Из какой-то невидимой куколки (или яйца?) вылупляется личность, способная
менять мир. И каждое поколение, вступая в этот возраст, начинает творить вокруг
себя свою среду обитания, в которой и будет существовать, пока его не сменит
другое поколение, опять меняя мир на свой вкус и лад. Каждое поколение живет в
своей Вселенной – такой, какой оно ее видит. В реальности это становится чем
дальше, тем заметнее, поскольку мир меняется все быстрее (и дает все больше
возможностей уйти в некие виртуальные миры, бросив реальность на произвол
судьбы). Молодежный стиль жизни внешне похож на игру. Так же – игрой – пытается
объяснить себе происходящее в Доме Курильщик. Но ведь человеческая культура
вообще имеет много общего с игрой (о чем писал нидерландский историк и
культуролог Й. Хёйзинга в своей работе «Homo ludens» – «Человек играющий»). На
что похожи, например, военные парады XVIII века? Разве
не на игру в солдатики? И чем пудреные парики «серьезнее» раскрашенных ирокезов
Крыс?
Нежелание
обитателей Дома покидать свой замкнутый мирок имеет много объяснений. Одно из
них мы уже упоминали: инвалидов в Наружности не ждет ничего хорошего. Там они
лишатся той относительной защищенности, которую дают им стены Дома, отгораживая
и от забот о хлебе насущном, и от всего прочего человечества, не слишком
милосердного к таким, как эти дети. Но едва ли не важнее для них то, что они
потеряют в Наружности некие невидимые, нематериальные «оболочки» человеческого
существования, которые необходимы нам так же, как кров над головой. Ту
своеобразную культуру, которую они для себя создали, и человеческое тепло,
которым делятся в Доме с теми, кто сумел стать «своим». Тепло и холод – очень
внятная метафора. Когда Сфинкс оказывается в Наружности, он живет в промерзшей
комнатушке и не может найти тепла среди новых и чужих для себя людей. И
наоборот – вернувшись к Дому, неожиданно согревается, хотя и сидит на морозе на
груде обломков.
В откликах на
роман нежелание «вылупляться» из Дома в Наружность иногда трактуется как
стремление сохранить цельность «родового» существования, которое закончится,
едва герои начнут жить своею индивидуальной жизнью2. Такая
философская интерпретация выглядит достаточно обоснованной. Она согласуется и с
нашим предположением, что отношения в Доме ускоренно проходят стадии развития
человечества – от архаичных к все более поздним. Переход от родового к индивидуальному
– та ступень, которую нужно одолеть героям, чтобы добраться до уровня
современной цивилизации.
Однако это
все-таки чересчур отвлеченная трактовка. Сама М. Петросян неоднократно говорила
о том, что главное в ее романе – нежелание героев расставаться с детством и
ранней юностью. Если вернуться к разговору о контексте, в котором создавалась
эта книга, на память приходят немногие очень хорошие школы, которые даже в
советские времена умудрялись ограждать своих выпускников от казенщины и лжи
внешней жизни, создавая особую среду – по образцу Царскосельского лицея
(аналогия с которым приходит в голову, едва мы узнаем, что в Доме выпуски
проходят раз в семь лет). Заканчивая такие школы, выпускники смело могли
сказать: «нам целый мир – чужбина». Отечеством же становился узкий круг
«своих», который было страшно потерять, чтоб не остаться вечной «белой вороной»

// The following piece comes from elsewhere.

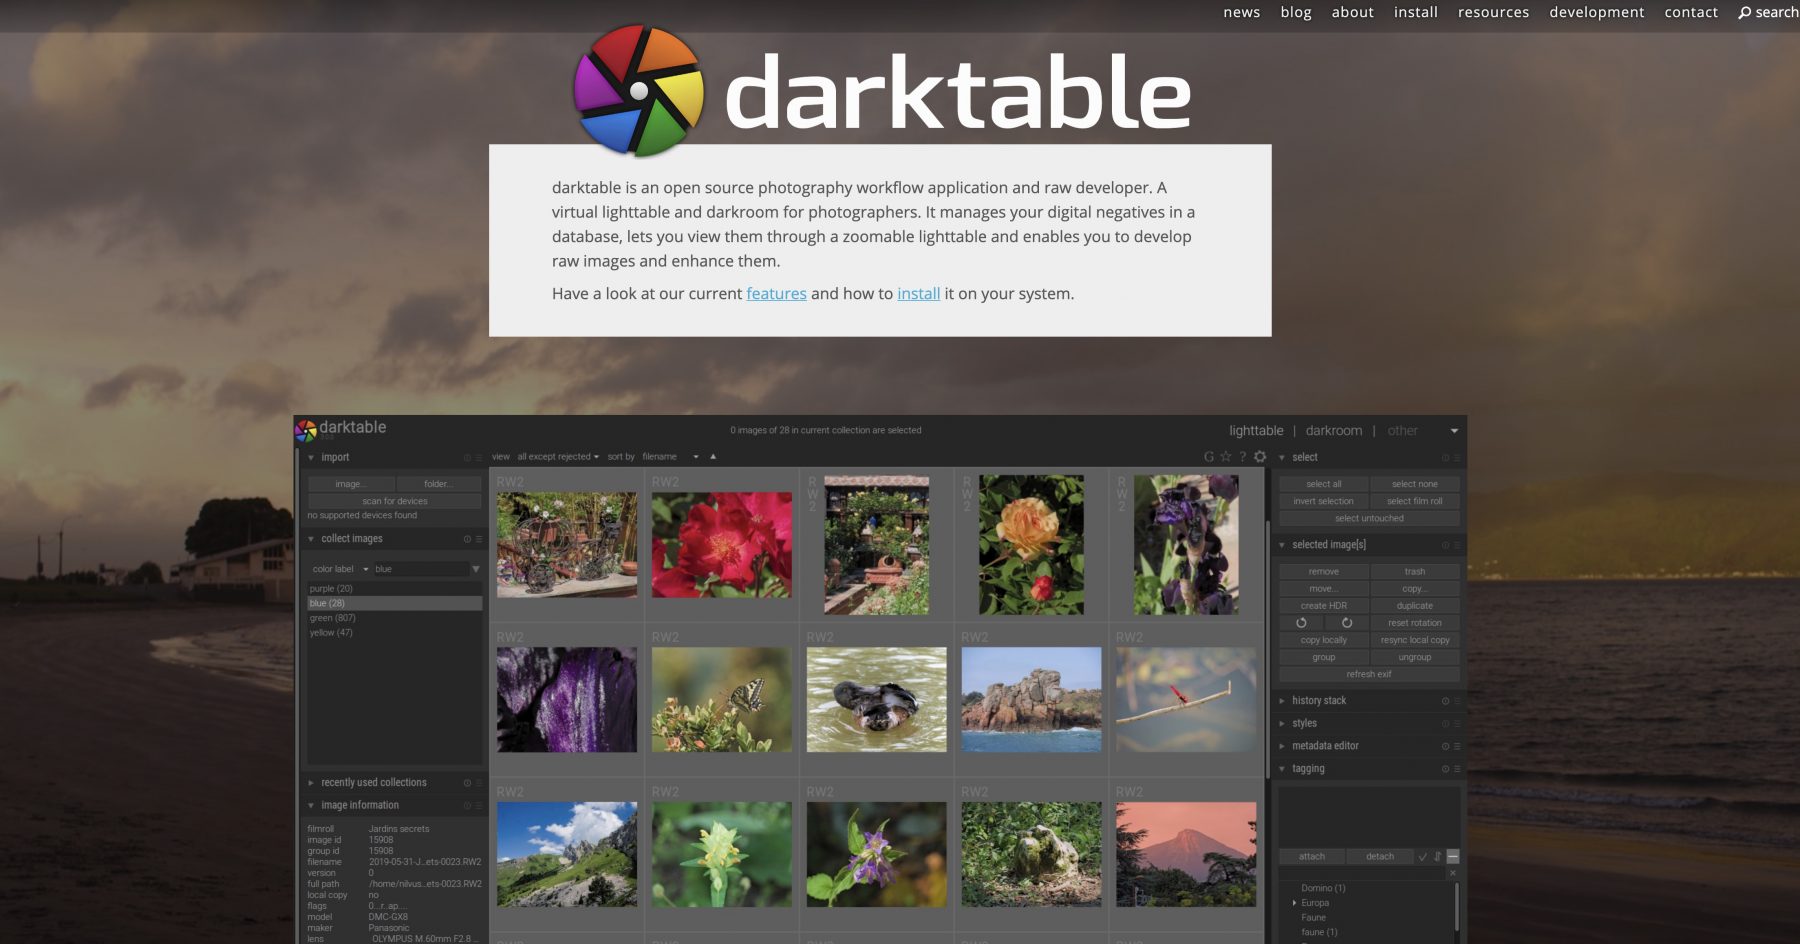 darktable 4.4.0 download the last version for mac

среди прочих сограждан. Однажды мне пришлось услышать печальную историю о
первом выпуске Суворовского училища. В самом начале, якобы, ребятам постарались
дать образование и воспитание не хуже дореволюционного: и языки, и музыка, и
танцы, и фехтование, и кодекс офицерской чести. А потом «распределили» служить
по гарнизонам необъятной Родины. Количество самоубийств, случившихся в этом
выпуске, было так велико, что программу училища срочно пересмотрели, чтобы
«приблизить к жизни». Возможно, до меня дошел всего лишь педагогический
фольклор, но на редкость правдоподобный. И удивительно схожий с тем, как
переживают выпуск питомцы Серого Дома.
Отсутствие своего
мира воспринимается героями романа как отсутствие условий для жизни вообще.
Жизни – а не физического существования, которым здесь не слишком дорожат (и в
силу возрастных особенностей, и в силу своей физической ущербности). Каждое
поколение ищет способ уйти на Изнанку, чтобы не попасть в душевный вакуум
Наружности. Одни – через самоубийство, другие – через дикое побоище двух
группировок, принесшее столько смертей. Мы с нарастающим напряжением ждем, что
станет с последним выпуском Дома. Ральф намекает, что у них может найтись свой
способ борьбы с реальностью. «Теперь он сознавал, что не сможет помешать…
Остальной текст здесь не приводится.